Segment Start: Exercise inputs

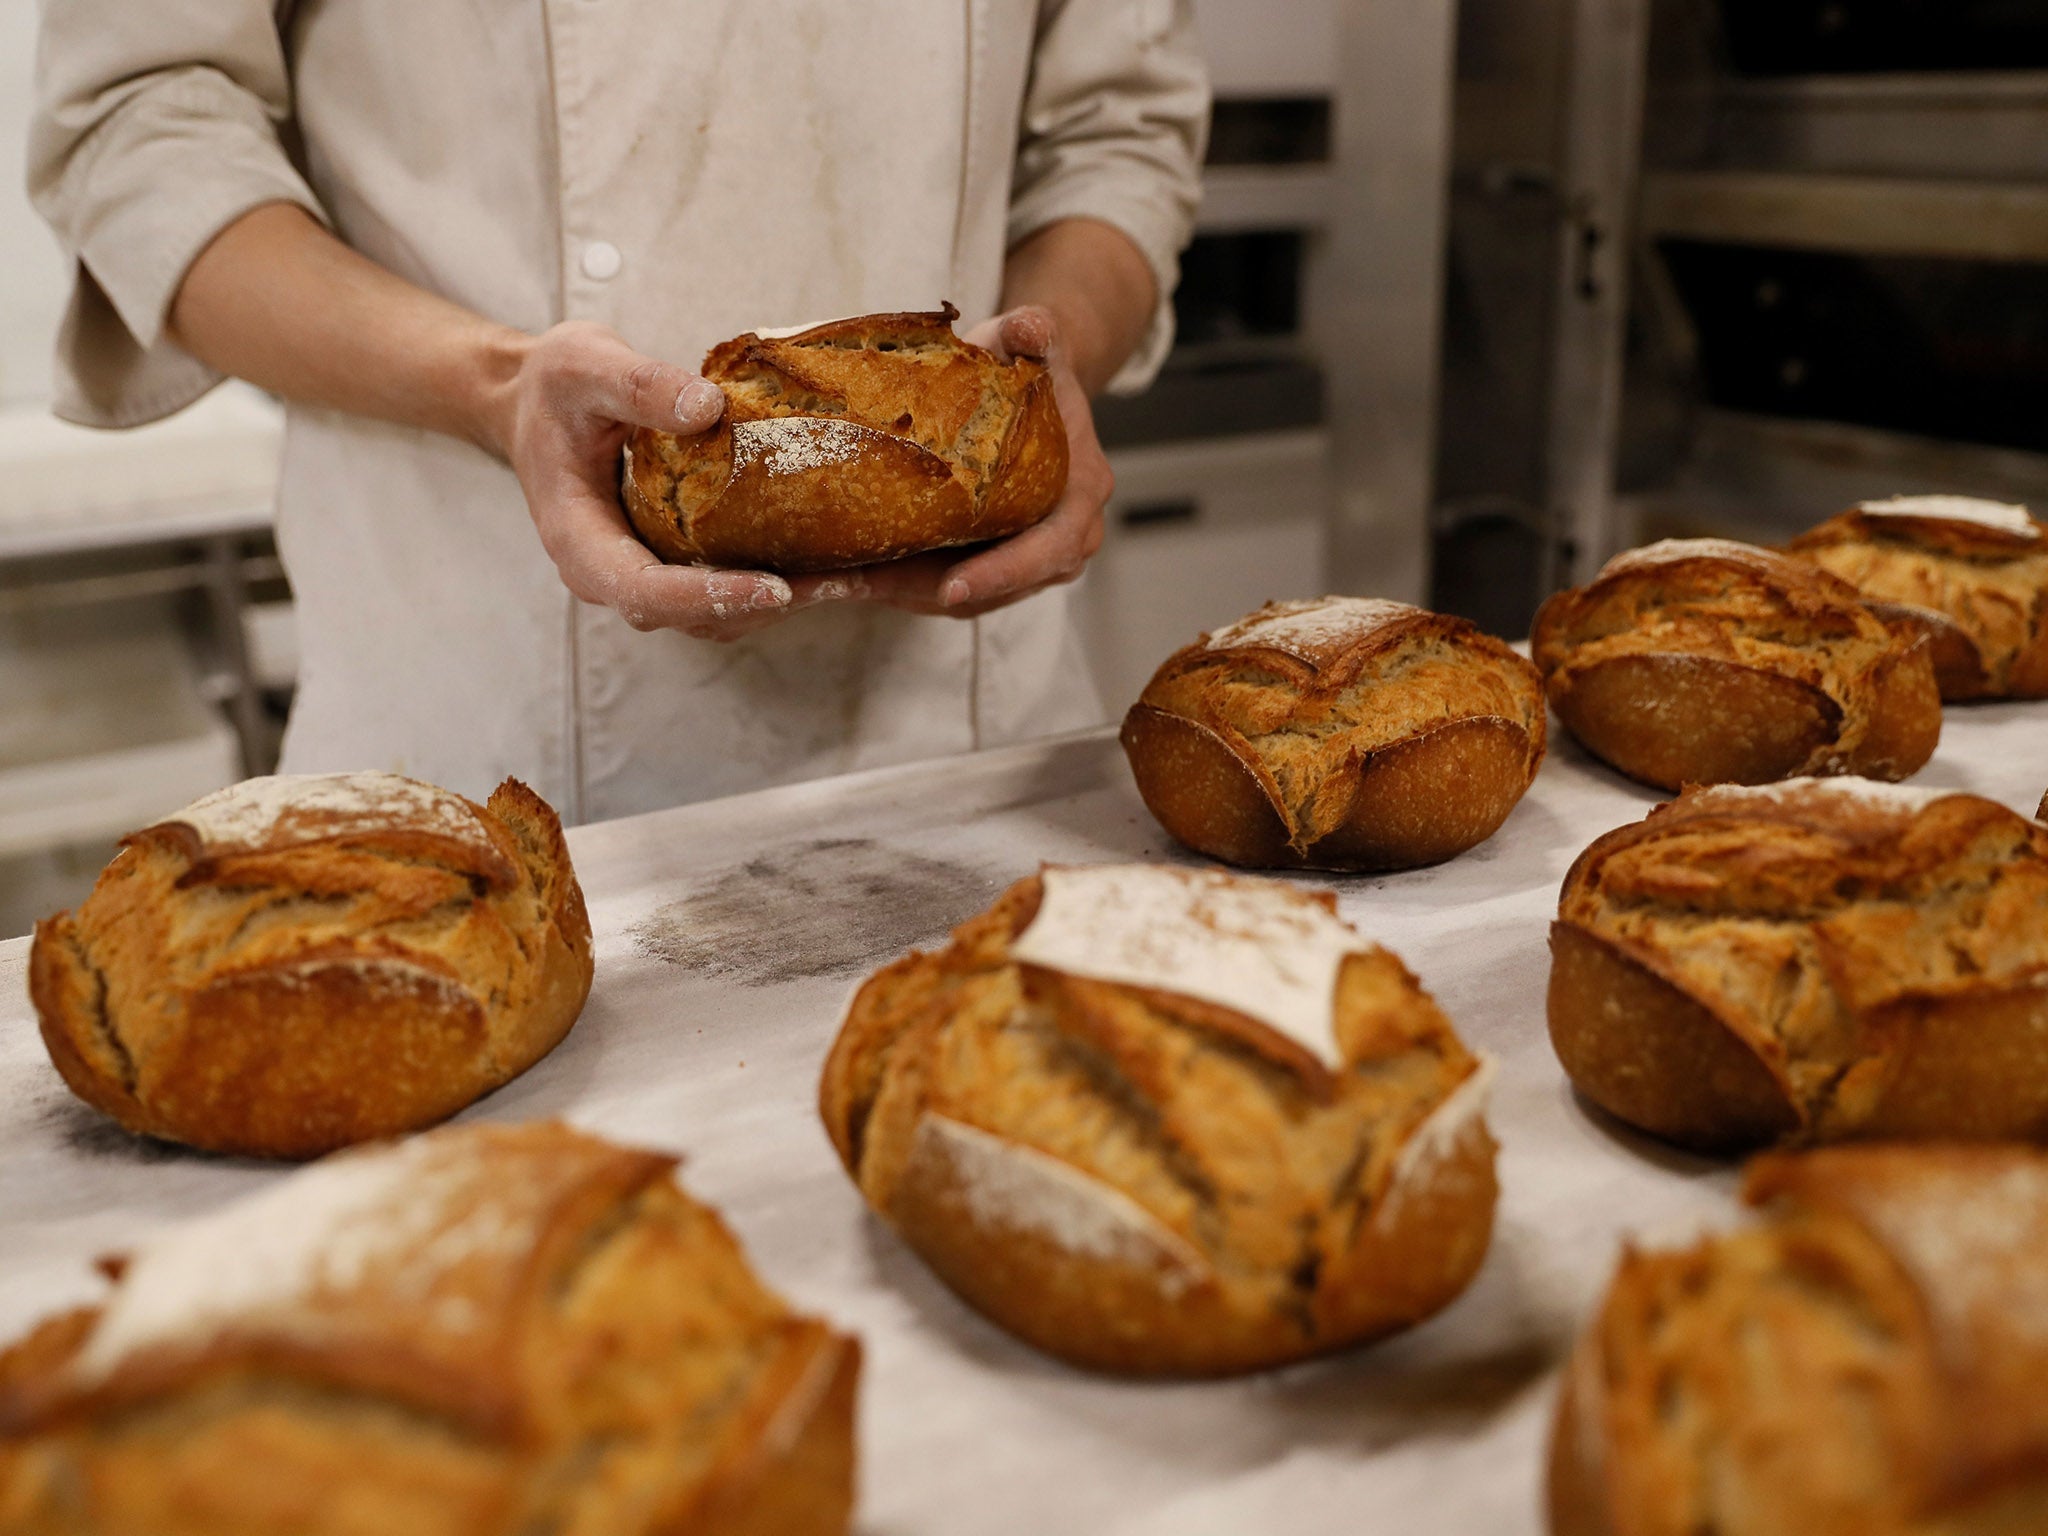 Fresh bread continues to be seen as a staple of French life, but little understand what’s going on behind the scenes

Segment End: Exercise inputs
Segment Start: Exercise inputs

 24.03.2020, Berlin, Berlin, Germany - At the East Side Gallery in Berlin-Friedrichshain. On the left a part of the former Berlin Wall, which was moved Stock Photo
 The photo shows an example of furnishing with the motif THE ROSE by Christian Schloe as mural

Segment End: Exercise inputs
Segment Start: Exercise inputs

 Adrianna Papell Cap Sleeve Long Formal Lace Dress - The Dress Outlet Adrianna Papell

Segment End: Exercise inputs

◆ Your objective: Reproduce exactly the stretch of the material above that starts at the line with "24.03.2020, Berlin, Berlin, Germany" and ends at the line with "The photo shows", both included, and nothing else.

◆ Written answer:
 24.03.2020, Berlin, Berlin, Germany - At the East Side Gallery in Berlin-Friedrichshain. On the left a part of the former Berlin Wall, which was moved Stock Photo
 The photo shows an example of furnishing with the motif THE ROSE by Christian Schloe as mural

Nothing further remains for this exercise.